Practitioners can transform large amounts of agent reasoning into discrete steps by taking advantage of the same semantic embeddings that power modern vector-RAG.

Traditional vector RAG starts by extracting a vector for each item in a collection of texts that represents the “meaning” of the text. These can be used to recover texts relevant to a search term by calculating a vector for the term, calculating the mathematical similarity between each text vector and the search vector, and returning the most similar items.

Semantic clustering works similarly, but uses traditional ML algorithms to group (cluster) texts based on their similarity to each other instead of a search term. These clusters are taken to represent abstract topics or steps during further analysis, and an LLM can be used to assign names to each cluster based on its members, hopefully providing interpretable titles to the discovered abstract concepts.

For example, in conversation logs, there might be hundreds of nuanced ways one speaker greets another. This technique might discover that “Hello”, “Hi”, “What’s Up”, (and so on) are all close to each other when represented as vectors, and belong to the same discrete cluster. After this grouping, a smart LLM understands that all the members of this cluster are forms of greetings, and assigns a generic name “Greeting” to the group.

These abstract labeled clusters can be used downstream for any number of critical tasks - such as understanding which kinds of step flows are correlated with failure or success, or even generating a flowchart that represents the decision-making made by the agent across thousands of executions.

Challenge - How to Choose a Pipeline?

This seems extremely powerful - and it is! At Rival, we even used similar approaches in recent benchmarking work to understand and improve our own agents.

But there are three critical decisions when designing such a pipeline, each with potential huge ramifications in performance:

  • Embedding Model: Not all models are the same, and different embedding vectors emphasize different aspects of text. As an example, here is a UMAP plot of the same 5000 sentences from our experiment in embedding space under different models:
  • Clustering Algorithm: Different clustering algorithms make decisions based on different aspects of the data and make assumptions about what a cluster should look like. A common image used to emphasize this point from scikit-learn’s documentation:
  • LLM Labeling Technique: While irrelevant to cluster discovery the information provided to the LLM has an impact on the quality of the name it decides on for the end cluster.

Making a Decision

So how do you choose? When we initially wanted to use this technique, we assumed that there would be robust experimental work we could draw on to ensure we were choosing the best approach. We were shocked to find that existing work was far from helpful.

The standard MTEB benchmark used to assess embedding cluster performance operates against a fixed set of ground truth labels, penalizing clusters that are potentially correct but overly specific. Example: the difference between a single cluster “Greeting” and two clusters {“Formal Greeting”, “Informal Greeting”} might be a good thing.

The benchmark also does not test the quality of the assigned name itself - it is just used to check whether the labeled cluster structure is able to be reconstructed by embedding clusters.

In order to do this properly, we realized we would have to test this ourselves.

The Experiment - ClosedCaption

Experimental Data

This experiment is based on natural language data from the Massive Text Embedding Benchmark (MTEB). The full benchmark dataset is intended to test the broad performance of text embeddings, and contains 58 datasets over 112 languages that test quality over 8 different tasks that embeddings are commonly used for (only one of which is clustering).

The MTEB datasets for clustering are split into longer paragraphs and shorter sentences. For this experiment, we used the RedditClustering dataset, which contains the title of thousands of Reddit posts for 50 different subreddits, with the originating subreddit considered the “ground truth”.
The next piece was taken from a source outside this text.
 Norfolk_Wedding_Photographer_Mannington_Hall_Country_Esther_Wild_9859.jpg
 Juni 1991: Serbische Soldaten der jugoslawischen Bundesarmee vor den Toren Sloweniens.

Measurement of Topic Quality

Issues with “Out-of-the -Box” MTEB

The standard MTEB assessment of embedding clustering quality is a run of MiniBatchKMeans with K set equal to the known ground truth number of clusters.
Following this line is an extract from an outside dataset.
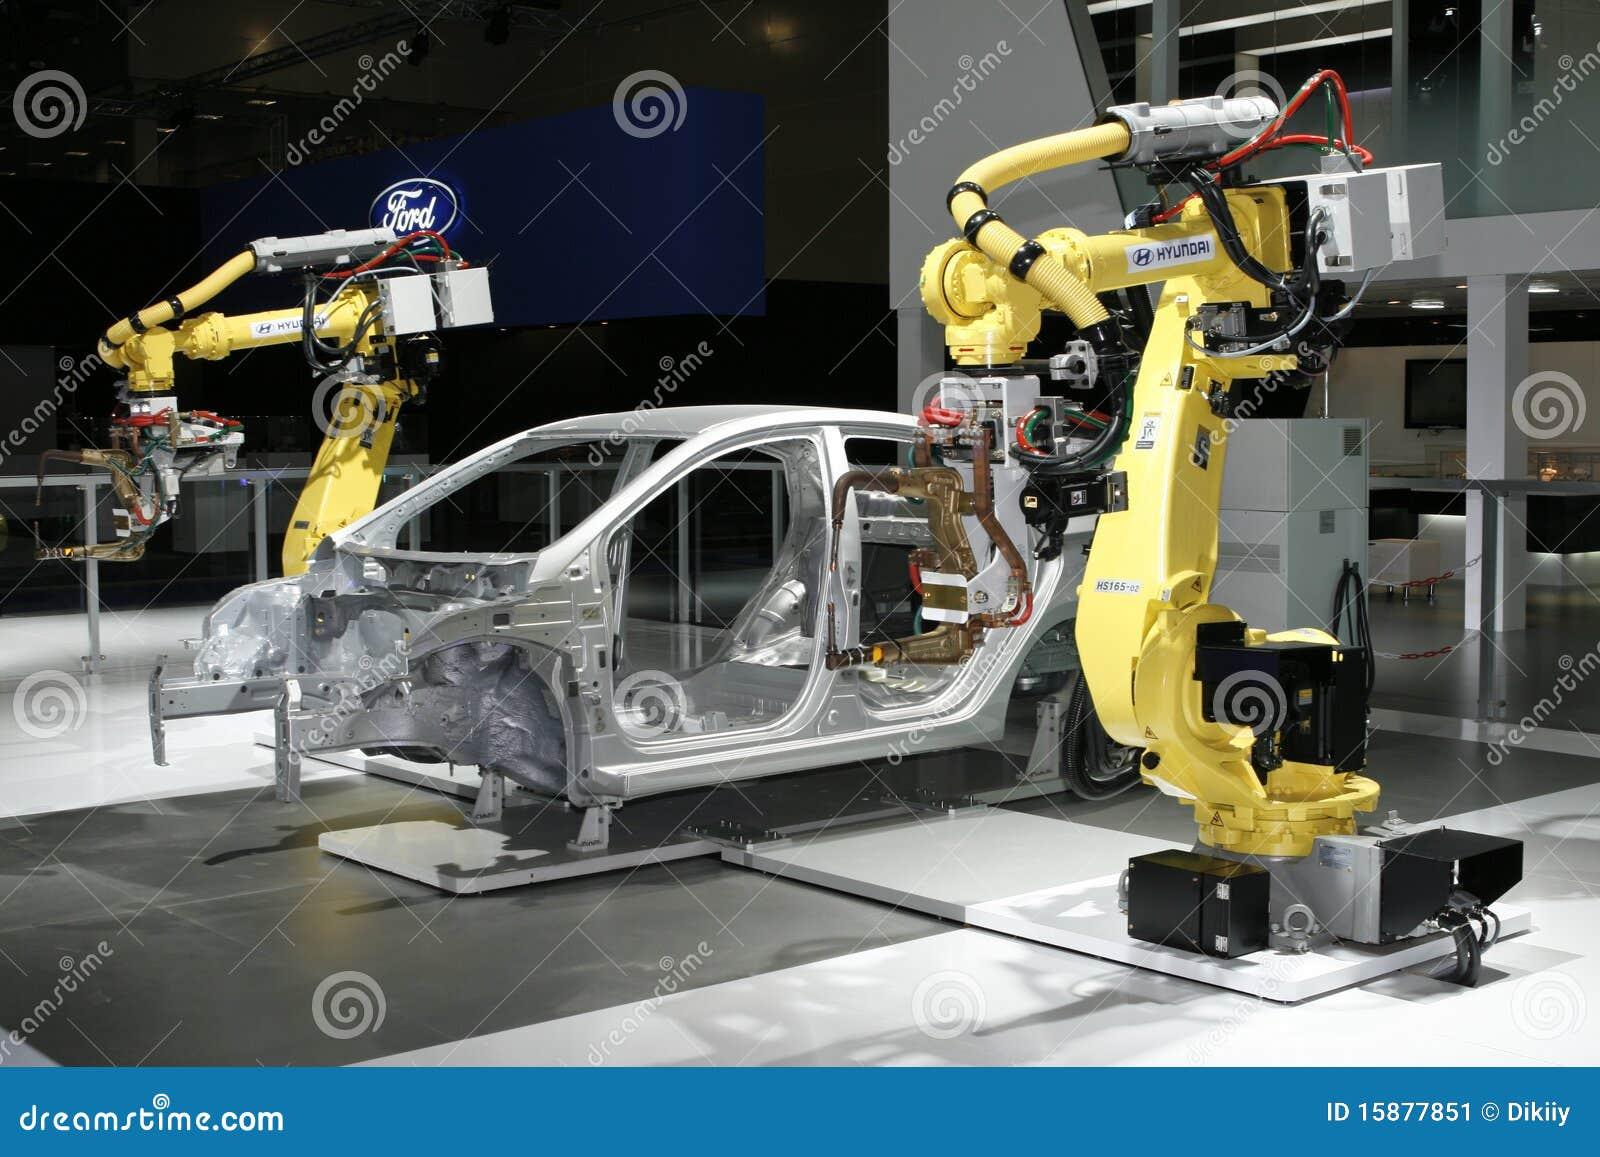 Hyundai Industrial Robots For Welding amp Handling Editorial

The “V-Measure” of the resulting clusters is then taken with respect to the ground truth - a harmonic average score of the Homogeneity (do clusters contain only data points from a single class?) and Completeness (are all data points of a single class assigned to the same cluster?) scores.

This approach does not directly answer the “end-to-end” aspect of our use-case: how to build an embedding-cluster-label pipeline that yields the highest quality assignment to natural language topics.
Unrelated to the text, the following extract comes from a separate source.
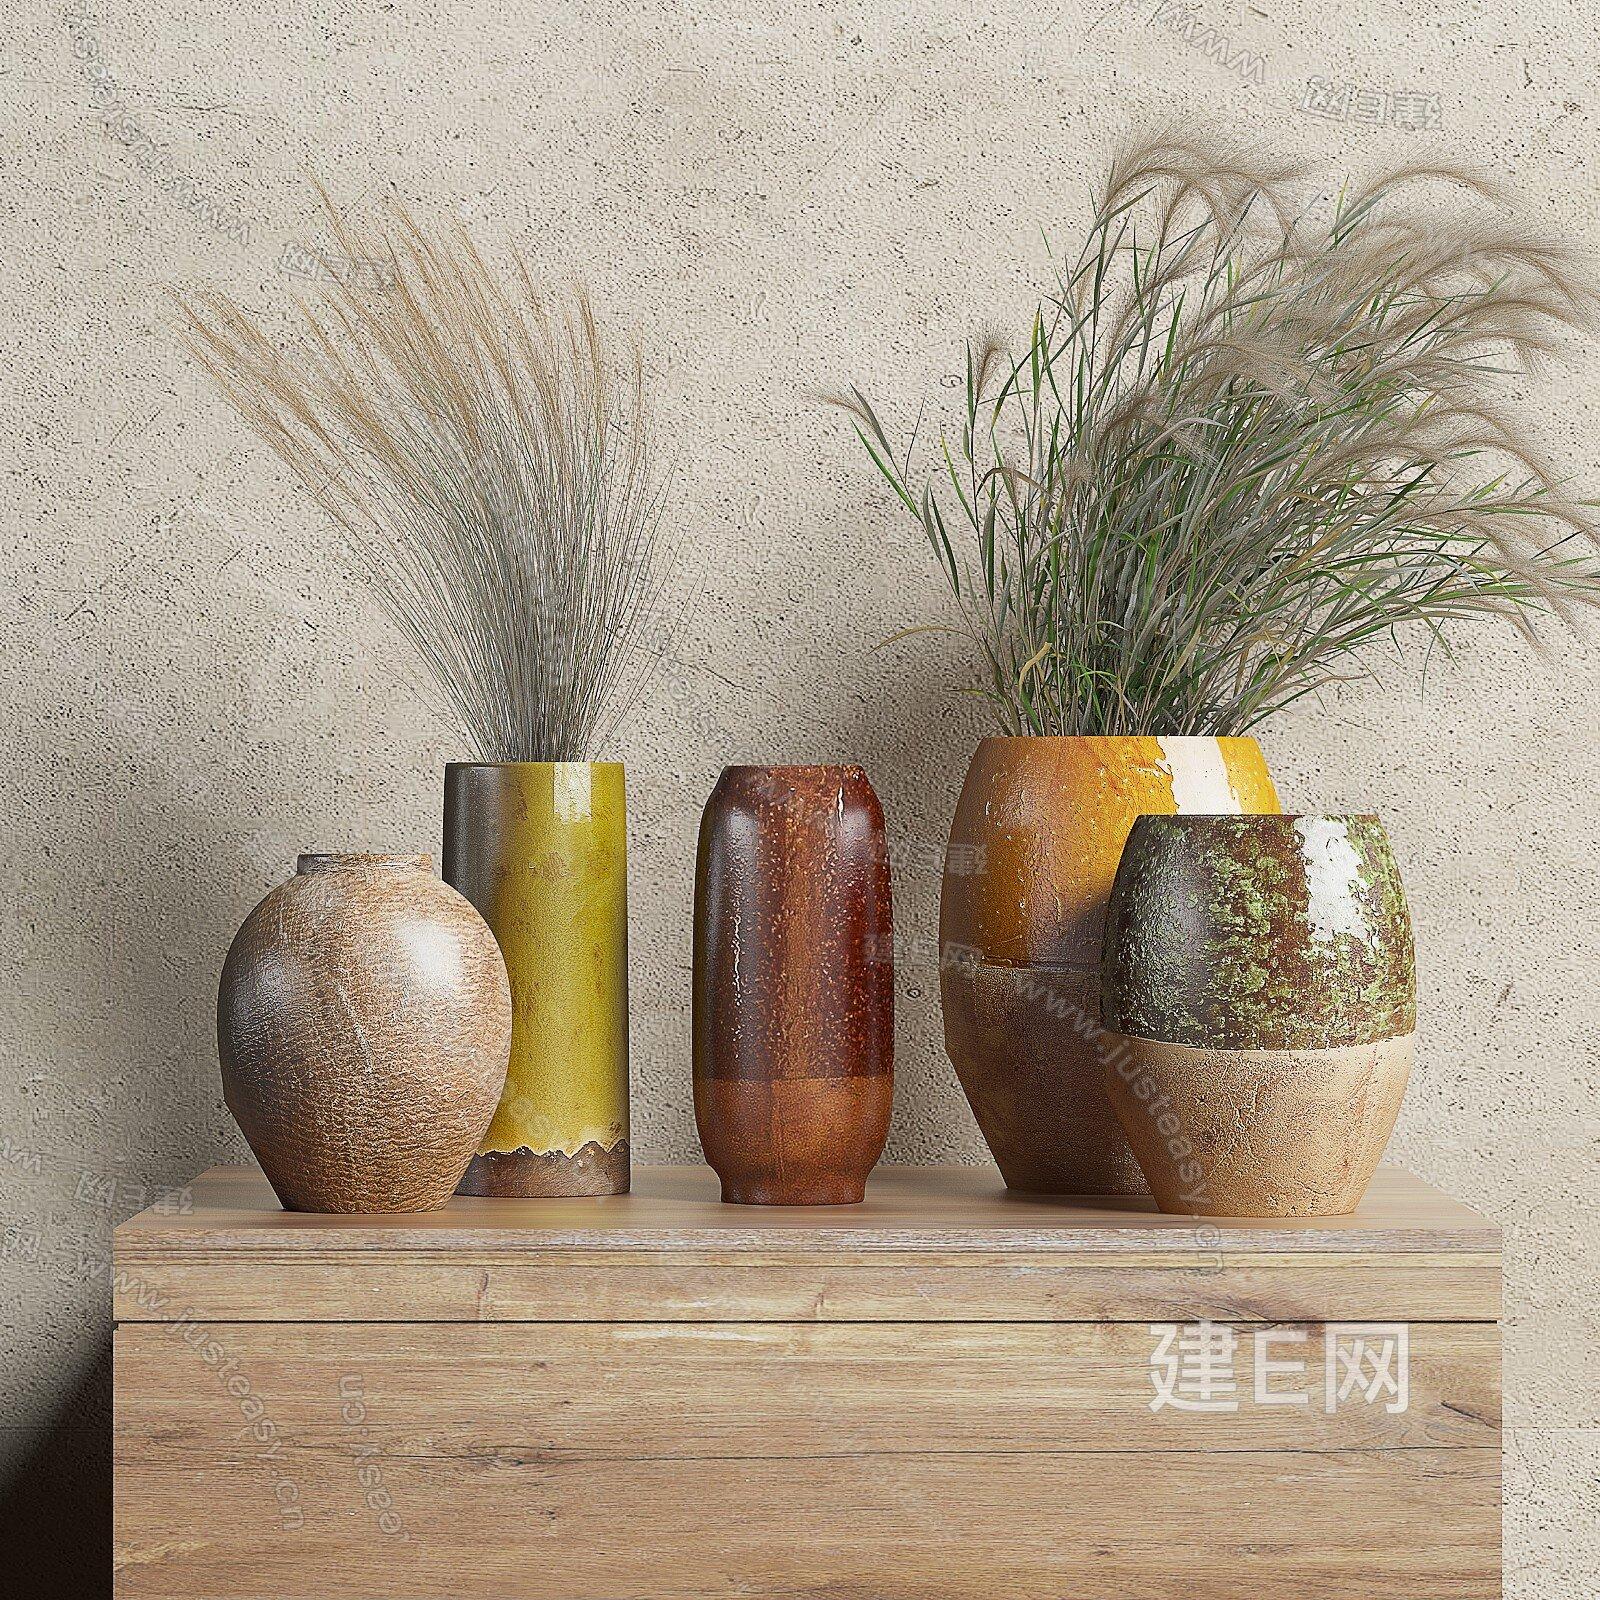 zara home 北欧陶瓷花瓶组合3d模型

But we were hesitant to even rely on MTEB leaderboard to analyze the embedding-to-cluster component due to two important shortcomings:

  1. The ground truth labels penalize systems that find potentially valid groupings not aligned with the ground truth (either more specific, or assignment using a different set of parameters)
  2. Using K-Means with a known value for K does not demonstrate embedding performance on successfully mining topics without prior knowledge of how many topics exist, which is a key interest in our use-case.

To overcome these challenges and actually answer our question, we need both a different approach and a better metric.

Our Approach: Clustering Scores as Binary Classification

The key intuition behind the metrics we used for analysis is that the quality of a cluster can be defined based on how “easy” it is to differentiate between items inside and outside of the cluster.

In other words - once individual items are assigned to cluster labels, the quality of an individual cluster can be tested based on how well an “expert” system WITHOUT prior knowledge of tjhe clustering assignments is able to reconstruct which items belong (and do not belong) to a cluster given only the label.

This treats the quality of a cluster category as a binary classification task from the perspective of the expert system, with the confusion matrix below.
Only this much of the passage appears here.